Приехав в Ереван, она обнаружила все на своих местах, что чрезвычайно ее растрогало, облезлые автобусы так же грохотали по улицам с побитым асфальтом, и по-прежнему шумел превратившийся в рынок подземный переход в сотне метров от отцовского дома, и опушенные молодой листвой ветки деревьев, обрезанные по весне, лежали пучками вдоль кромки тротуара, как великанские букетики, и каждые сто шагов попадались крошечные магазинчики, только часть из них, те, что были в подвальчиках, позакрывалась, а взамен появились новые, в обычных зданиях, пошла мода вскрывать стены квартир на первом этаже и устраивать лавки в комнатах. Все было по-старому и дома, вещи стояли на тех же местах, что и три, и двадцать лет назад, и родители постарели лишь чуточку, почти незаметно, если не вглядываться слишком пристально, а посидев пару часов у телефона, Елена обнаружила на прежнем месте и всех своих подруг и приятельниц, почти всех, если кто и уехал, то не из самых близких, и успокоившись, она стала жадно назначать свидания.

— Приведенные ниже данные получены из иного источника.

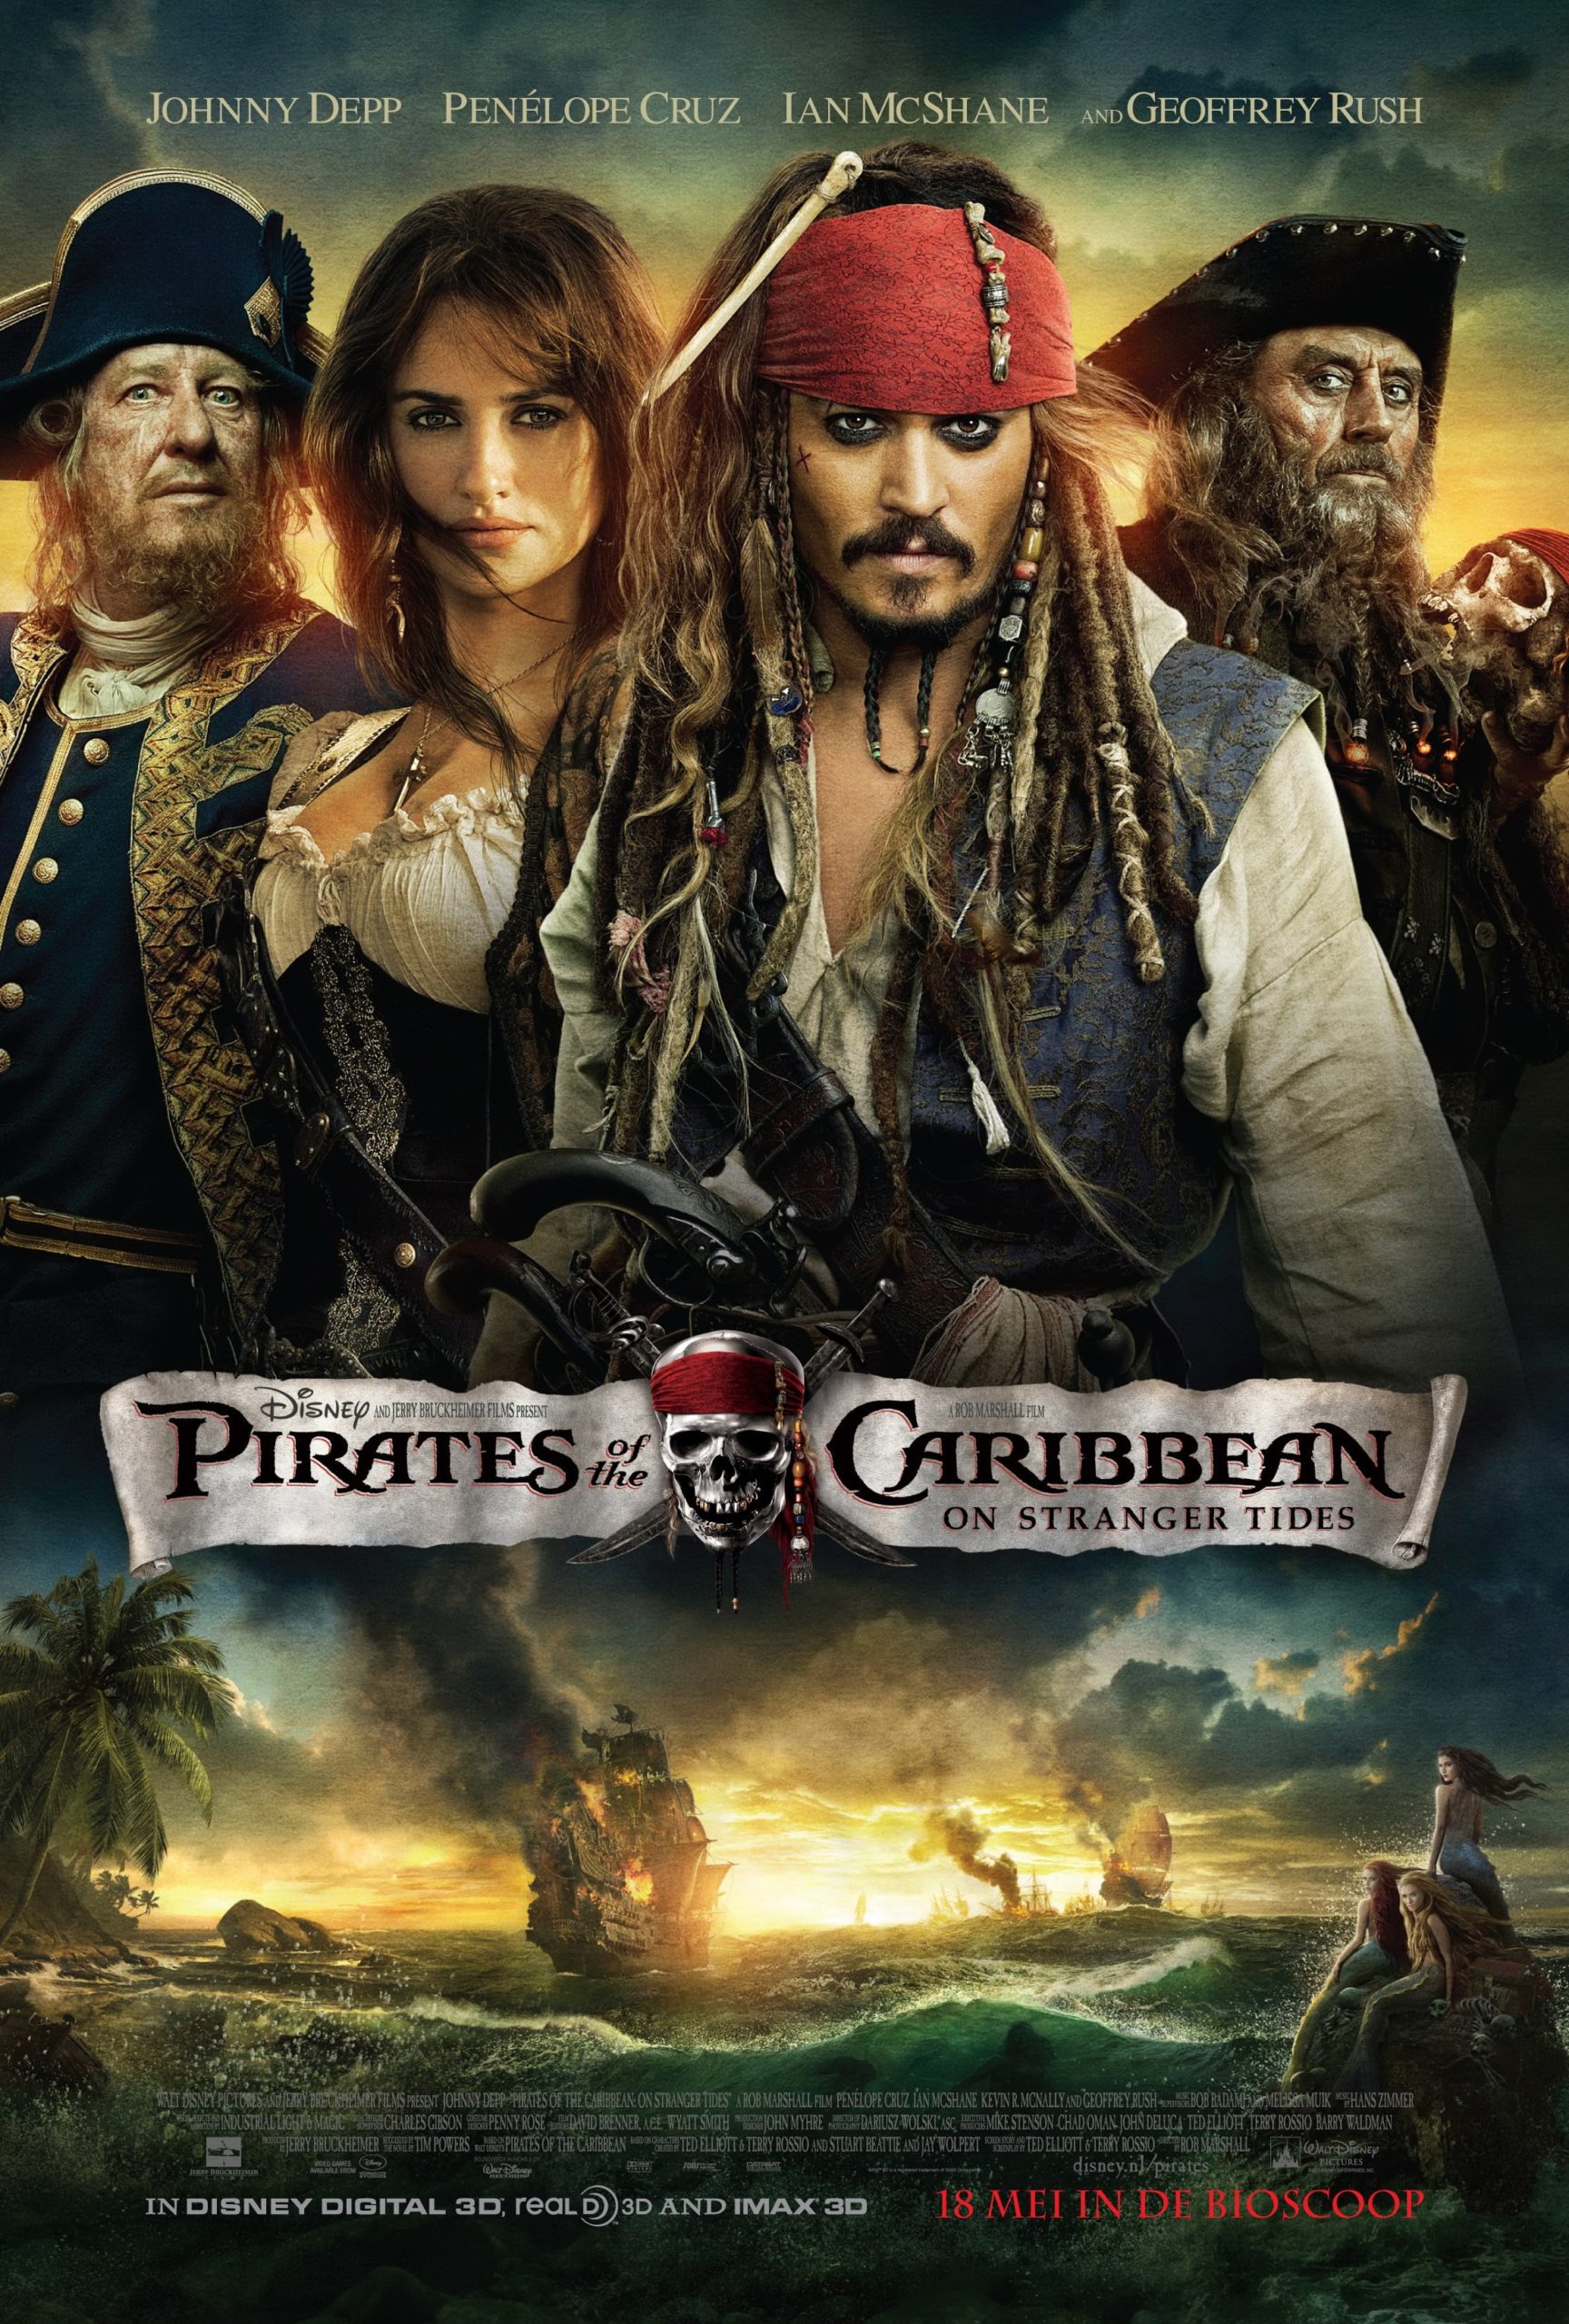 ดูหนังออนไลน์ฟรี Pirates of the Caribbean 4: On Stranger Tides 2011 ผจญภัยล่าสายน้ำอมฤตสุด 037moviefree

Она даже и не подозревала, насколько соскучилась по своему окружению, как по людям, так и по вещам и явлениям, даже нахальные взгляды юнцов на улице не раздражали, как раньше, а льстили, как никак ей пошел пятый десяток, а вслед смотрели семнадцати-восемнадцатилетние (впрочем, если честно, и прежде к раздражению примешивалось удовольствие, в конце концов, может ли женщина всерьез сердиться на мужчин, оборачивающихся ей вслед). И все были ей рады, соседи весело махали с балконов, кто поближе, из того же подъезда, заходили перекинуться парой слов, порасспрашивать про тамошнюю жизнь, когда она появилась в Институте, почти незнакомые сотрудники, с которыми она когда-то только здоровалась, кинулись ее обнимать, и уже через пару недель не набежали, конечно, как предполагал Олев, но поползли потихоньку и пациенты, и когда Олев позвонил в очередной раз, она с гордостью сообщила ему, что начала уже зарабатывать на обратную дорогу, правда, он не стал радостно восклицать:

– Какое счастье, приезжай скорее, – а наоборот сказал: – Не торопись, нагуляйся, как следует, раз уж добралась в такую даль.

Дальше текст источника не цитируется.